Come Let Us Worship (Together)

Come Let Us Worship (Together) January 4, 2012

Do our Christian songs do the job well? Do they tell our story? Do they tell the story of all of us/of each of us? Do they give us memory? Do they tell our future? Do they tell the gospel? Do they tell our experience of the gospel? Do they reflect the Psalms’ complaints or are they only happy and good-news songs?

In Rodney Reeves’ new book, Spirituality according to Paul: Imitating the Apostle of Christ, Reeves probes what early Christian worship and singing (he connects the two; he doesn’t equate the two) were about — and he does so knowing those early Christians were standing on the shoulders of the Israelites and their Psalter and their synagogue services. Here are some themes he finds to be part of Christian worship and singing:

Worship isn’t complete when done alone.

Singing songs to Christ is subversive. Pliny later said the Christians gathered to sing songs to a crucified man as to a God! And Paul’s great quotation of a song in Philippians 2:6-11 is pure gospel music: it celebrates God’s work by telling the Story of Jesus (see my The King Jesus Gospel). And Reeves points out that anyone who sang that song was saying Caesar was not the Lord, Jesus was.

Which leads to another theme: genuine biblical worship and song complains. He says Caesar will someday celebrate Christ as Lord, though he think Caesar will be lamenting when he sings that song (end of Phil 2’s song).

Worship should evoke memory, our common memory especially. And here we have a steep hill to climb: for many the stories of the Bible are either such a distant fading memory or unknown completely that the songs we sing can’t make sense. Read the Bible and the songbook will come alive; ignore the Bible’s stories and the songbook will gravitate to personal experience songs.

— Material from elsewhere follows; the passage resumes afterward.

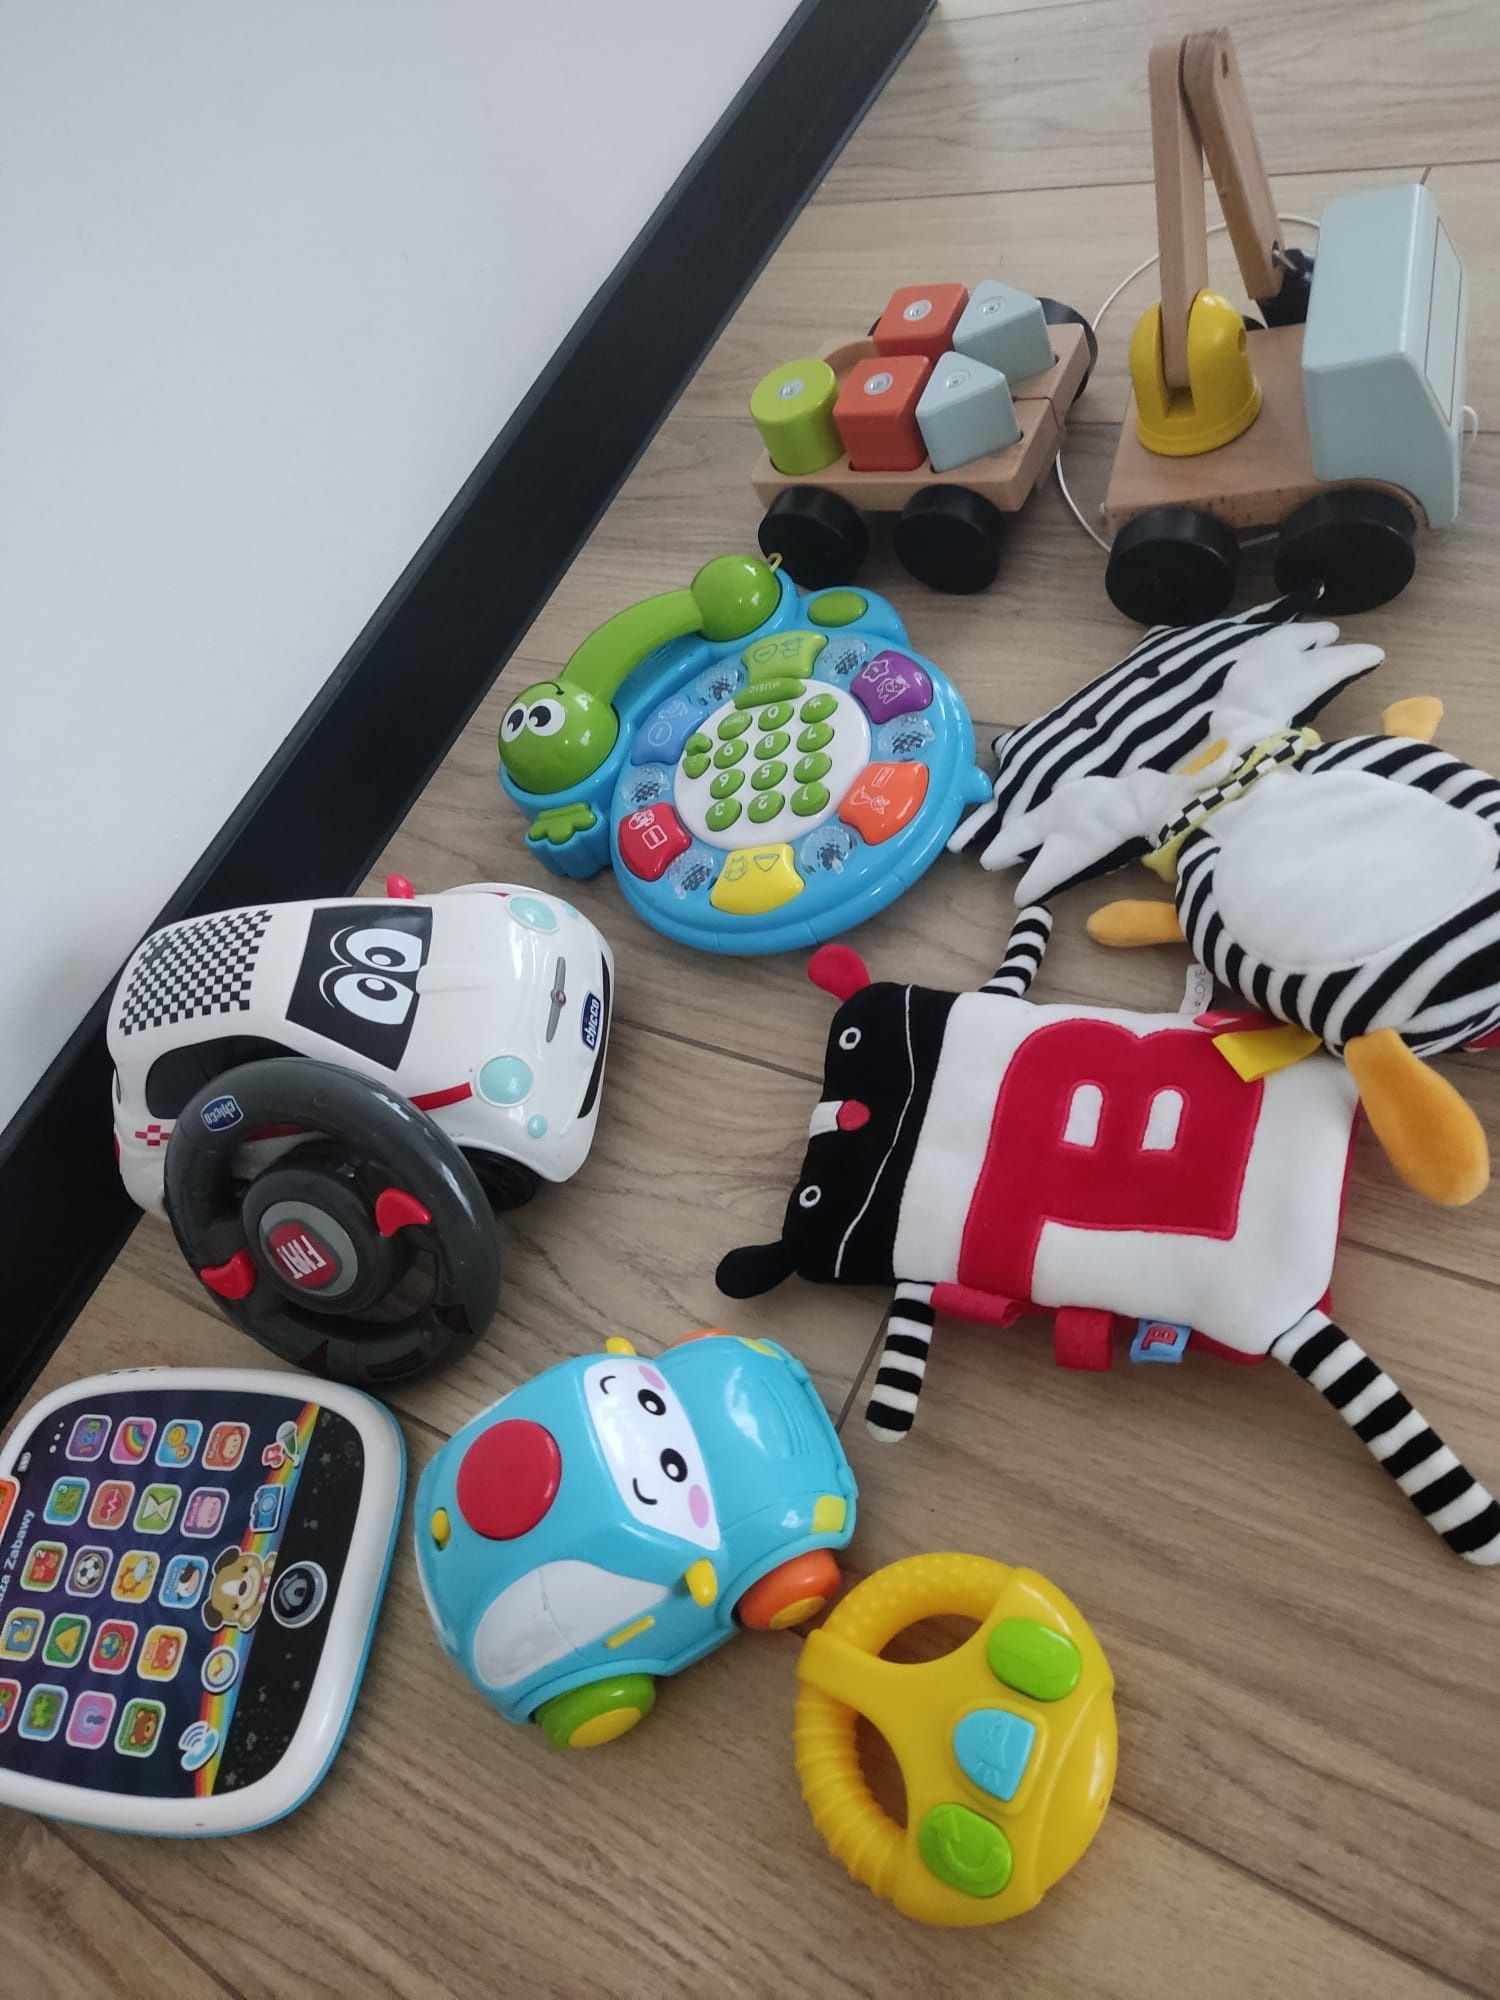 Zestaw zabawek dla dzieci, samochód zdalnie sterowany, tablet i inne

Singing should be inclusive: that is, it should reflect all of us — Jew and Gentile, slave and free, man and woman, adult and adolescent, native and foreigner, rich and poor. I wonder if we could think through our songs to see how inclusive they are. Now let me include another dimension of inclusiveness: the glad and the sad. (Sorry for the rhyme.) On any given Sunday a good number of the folks in church who are being asked to sing will be asked to emote in ways they are not feeling or cannot be feeling: some will be grieving, some will be sickened by joblessness, some will be worried about children — while others are riding the waves of victories. How can we include those who struggle? And what about introverts and extroverts (think of Adam McHugh’s book, Introverts in the Church)? Does our worship/singing reflect some sensitivity about personalities?

Worship and singing come to the focal point in the Lord’s Supper (if your church does this often – as it should be done often): there we all join together and participate in the saving deeds of Jesus and ponder anew what Christ has done for us – – new covenant, forgiveness, Passover liberation, etc.

This means our worship needs to be examined to see if it reflects our unity in Christ and our equality in Christ. Does it?